Настя вела Диму три с половиной года, с его первого класса. Родители пришли в конце августа, когда Диму отказались брать в три общеобразовательные школы. Они с испугом оглядывали чешуйчатые стены коридоров и выцветшие, шершавые (даже через стекло) картинки. Обеспеченная пара, двое нормально развитых детей – и один слабоумный.
Рассказывали: долго не могли поверить, грешили на врачей, воспитательниц, это они, они дураки, а наш мальчик просто не такой, как все, они ничего не понимают, не все дети одинаковые, может быть, просто что-то?.. Что что-то, милые? – отвечали. Сначала ставили задержку психического развития, как и всем в таком возрасте в таких случаях. Потом поняли, что нет, не ЗПР. Нет, не ЗПР, – отвечали.
Отвечали.
Отвечали.
Отвечали.
Из Ц(центральной) ПМПК направили сюда. Осознание приходило постепенно, тяжело, сначала никак не уживалось в мозгу. Потом стояли в кабинете дефектологов. Отец держался – только дергалась рука, – в горле матери что-то негромко клокотало. Дима ждал в коридоре.
Его повели на диагностику, родители шли следом. Три стола: психиатр, психолог, логопед и Настя – дефектолог. За столом напротив – мальчик. Опрятный и хорошо одетый: брюки, рубашка, галстук, черно-белая классика поверх потускневшего бежевого дивана – не похожий на типичных учеников этой школы.
Медленно и четко взрослые представились. Он посмотрел на них ничего не выражающим взглядом и представился в ответ. Дима. Настя начала первой: предложила выполнить пару заданий. Как и всегда, через силу – не потому, что плевать, а потому что это всегда тяжело, – улыбнулась. Улыбаться было важно.
У нее были готовы стандартные тесты для оценки слабоумия.

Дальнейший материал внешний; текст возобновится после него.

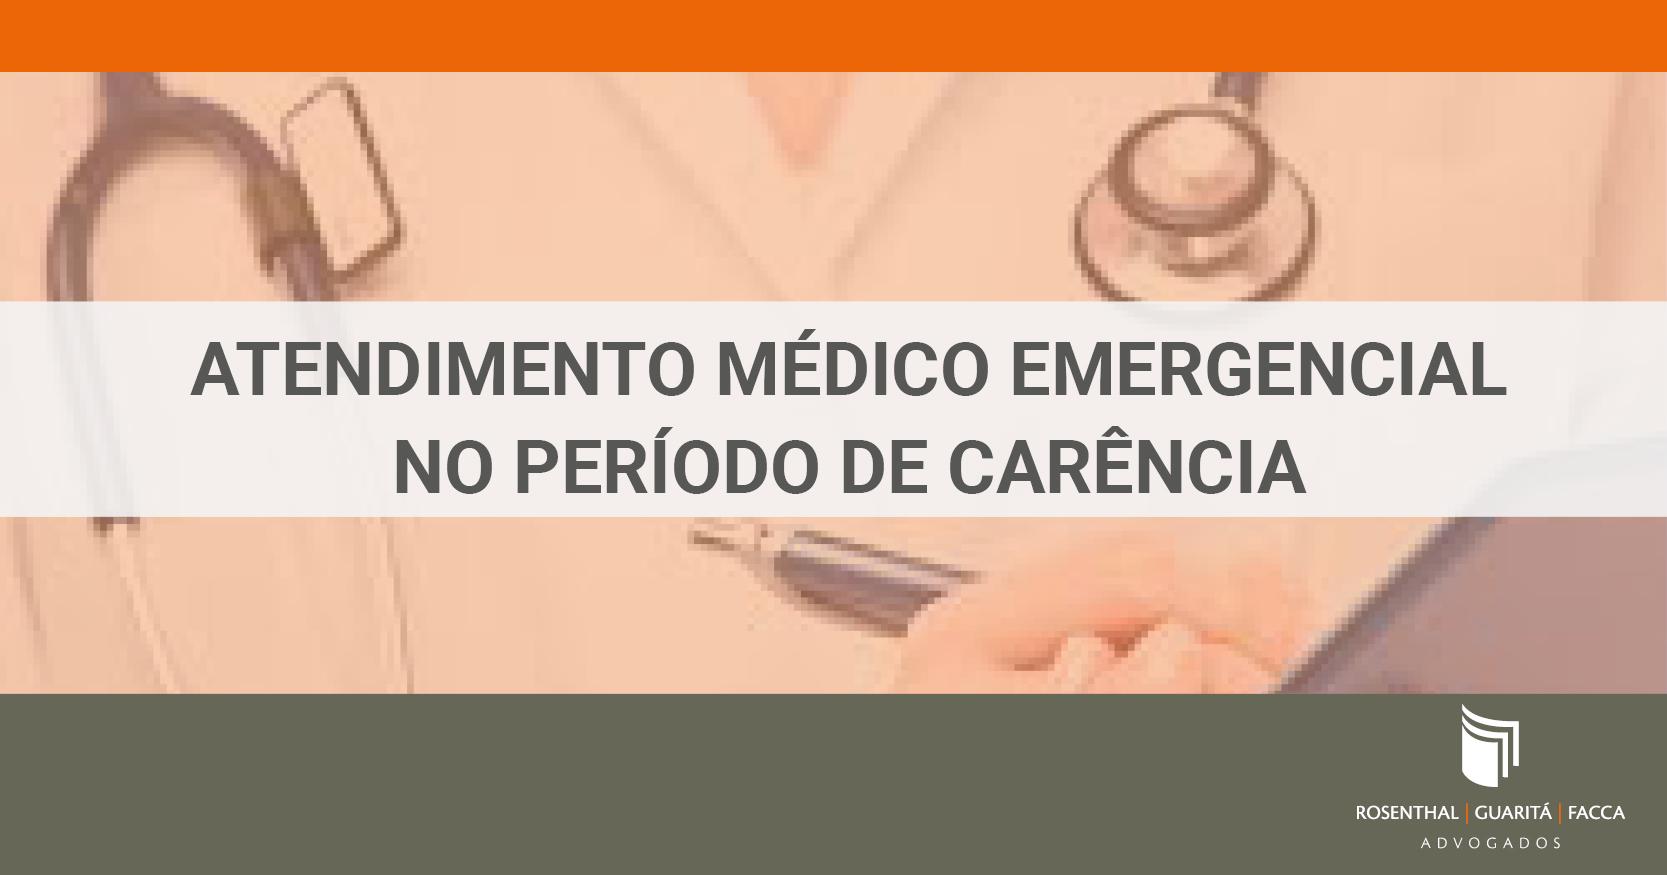 ATENDIMENTO MÉDICO EMERGENCIAL NO PERÍODO DE CARÊNCIA

Картинка, разрезанная на восемь частей, – собери пазл. Бледные фигуры с пунктирным контуром – обведи. Другие фигуры, с четким контуром – заштрихуй, не выходя за край.
Дима быстро – намного быстрее, чем обычно бывает в этом кабинете, – собрал картинку, и цветастый нарисованный мальчик на велосипеде радостно поехал – подальше отсюда, из этого бледного места. Задания Дима выполнял равнодушно, безучастно смотря на листы. Задумывался ненадолго. Старался ни на кого не смотреть. Только вот иногда поднимал глаза и встречался взглядом с Настей. Она ему улыбалась – тепло, аккомпанируя глазами, как бы говоря: Всё будет хорошо. Ей показалось, он понял – улыбался в ответ. Но скорее он просто улыбался потому, что умел.
Диму попросили рассказать о себе, семье и друзьях. Он опасливо обернулся к родителям. Те сидели со сцепленными руками – четыре руки в одну, замок в замке – кивнули, но Насте показалось, что как-то отстраненно. На первый взгляд, весь процесс вызывал у них не больше эмоций, чем у Димы – листок с фигурками.
Ладно. Каждый реагирует по-своему.
– Меня зовут Дима… – медленно-медленно начал он, как медленно вступают в первый глубокий снег начавшегося темного леса.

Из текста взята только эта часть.